- **Problem**: Would you reproduce every record exactly, leaving out the pictures?

Stored items from a collection
★ ★ ★ ★ ★
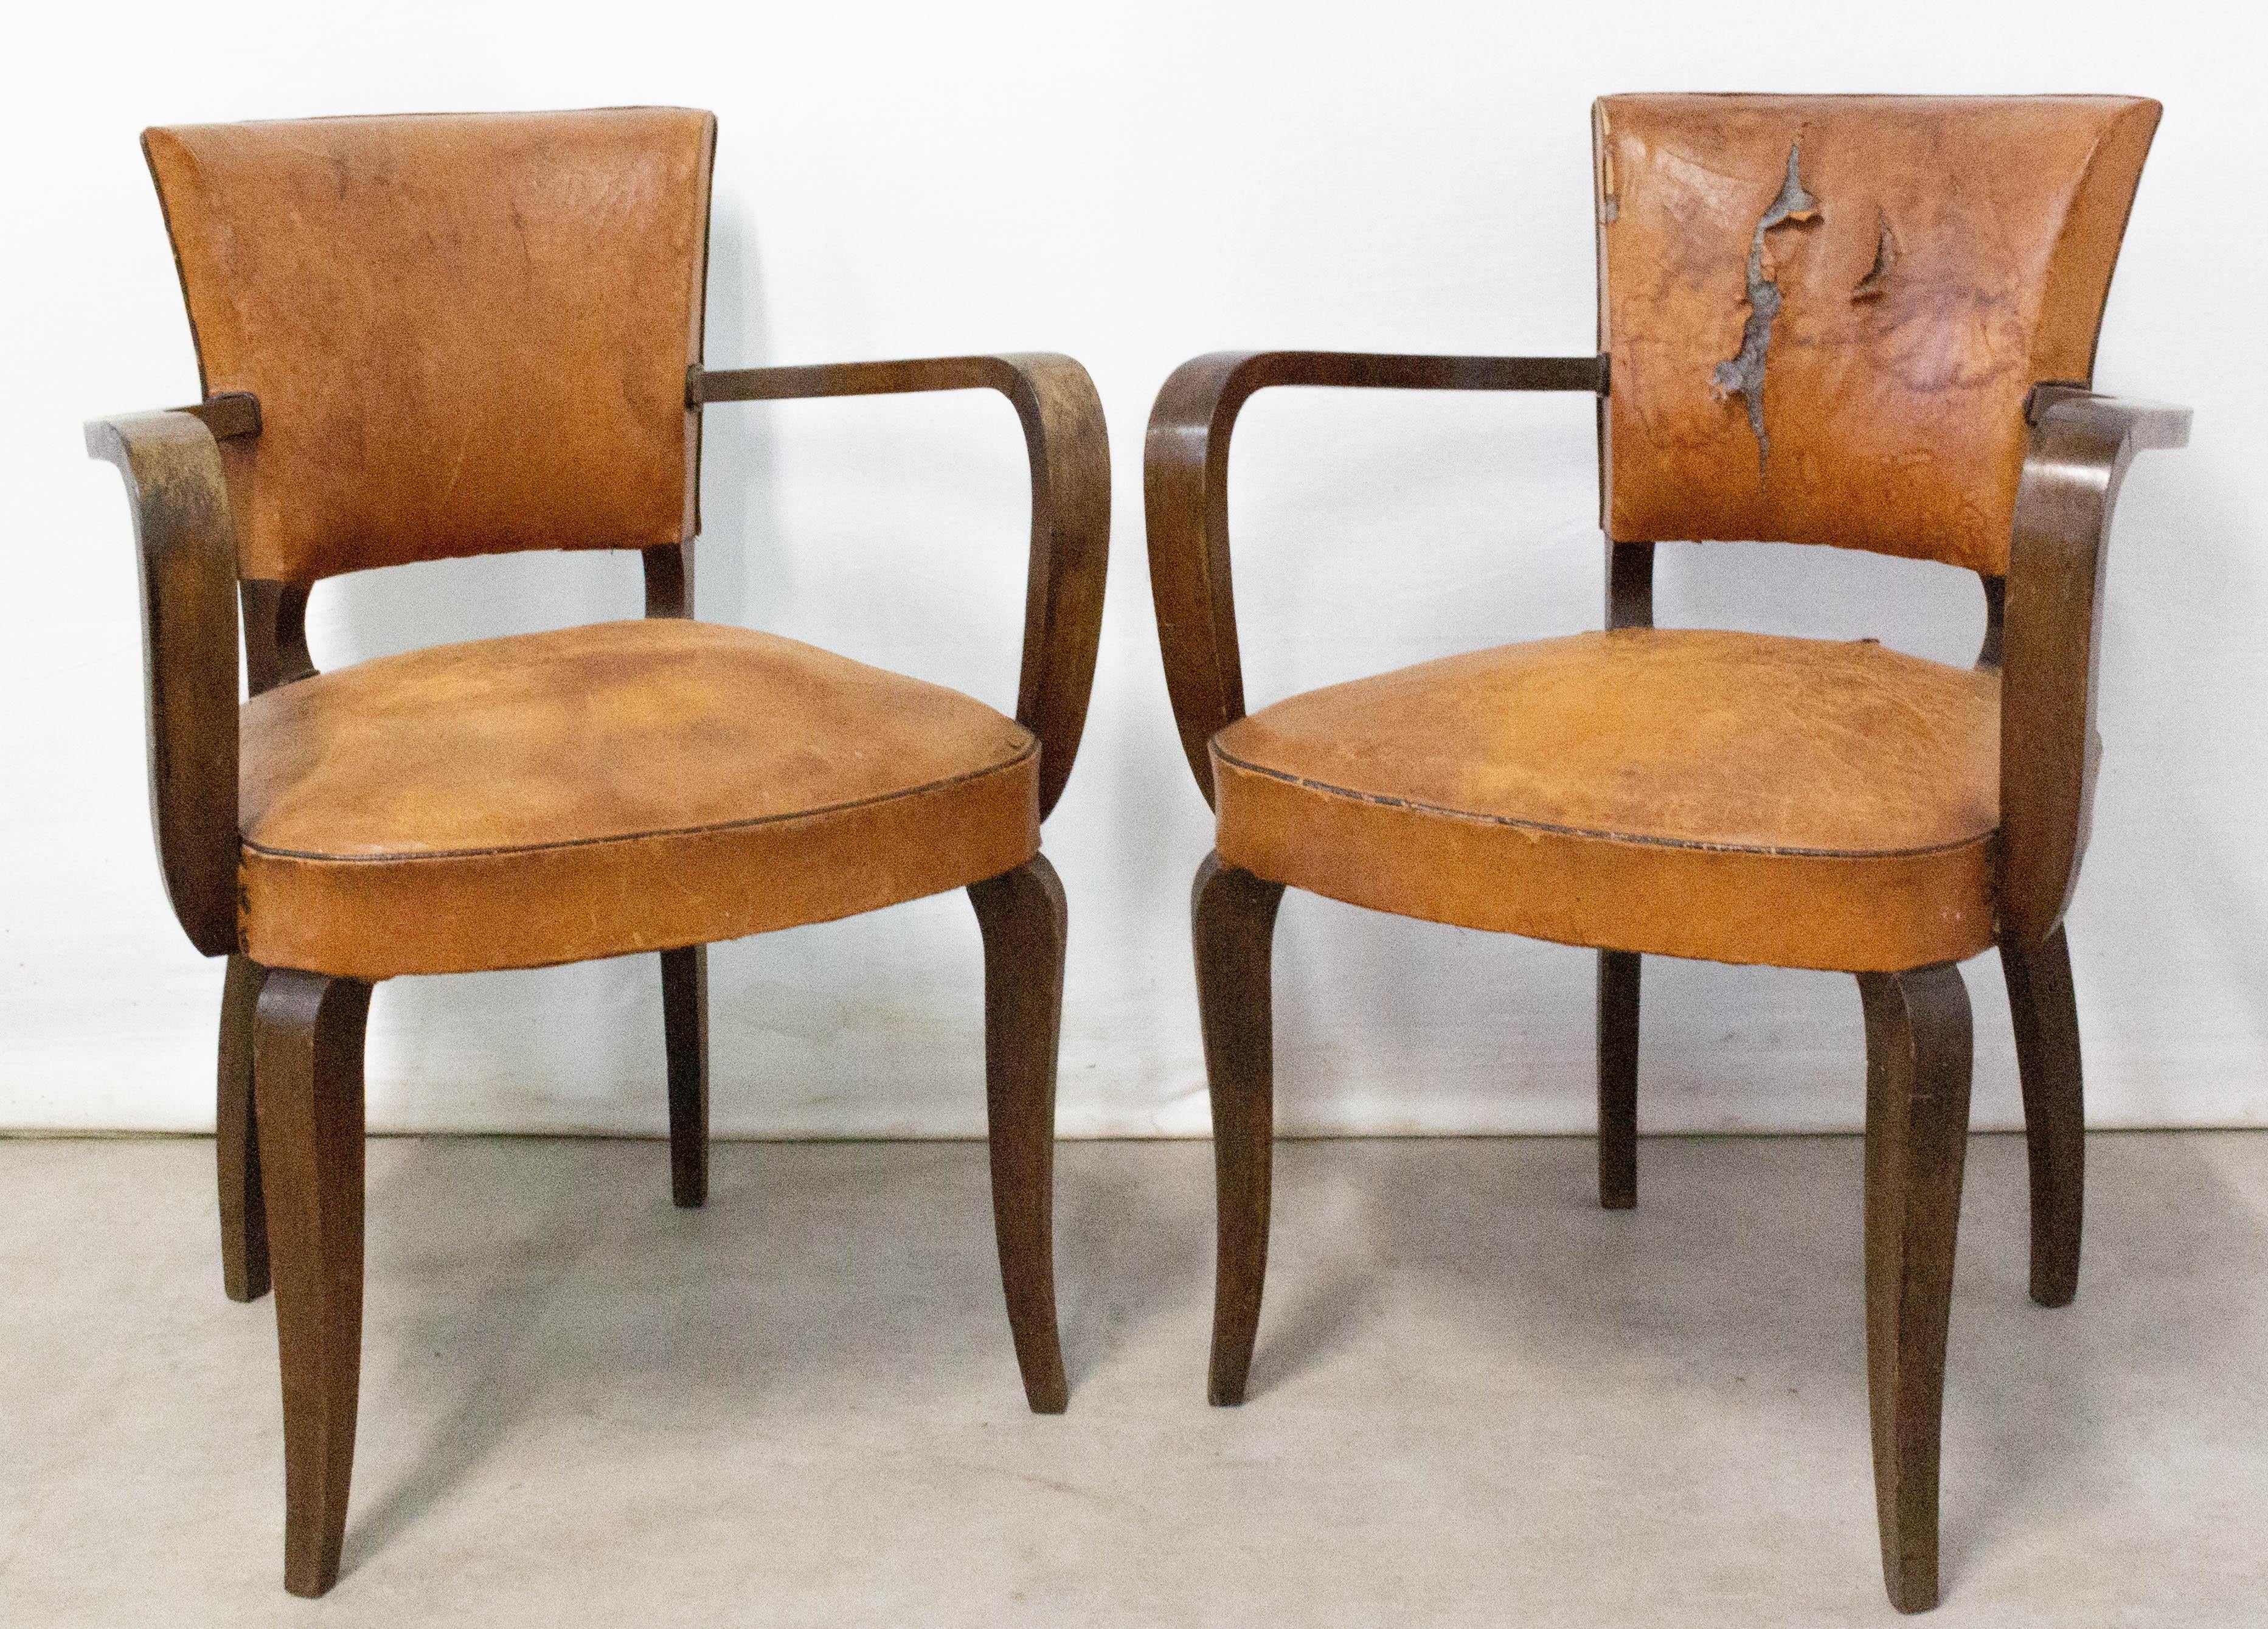 Pair of French Art Deco bridge chairs, circa 1930
Two open armchairs to be re-upholstered
Original vintage condition 
Frames are sound and solid
Alternatively the leather is easily changed to suit your interior please ask if you would like a
★ ★ ★ ★ ★
- **Exercise solution**:
 Pair of French Art Deco bridge chairs, circa 1930
Two open armchairs to be re-upholstered
Original vintage condition 
Frames are sound and solid
Alternatively the leather is easily changed to suit your interior please ask if you would like a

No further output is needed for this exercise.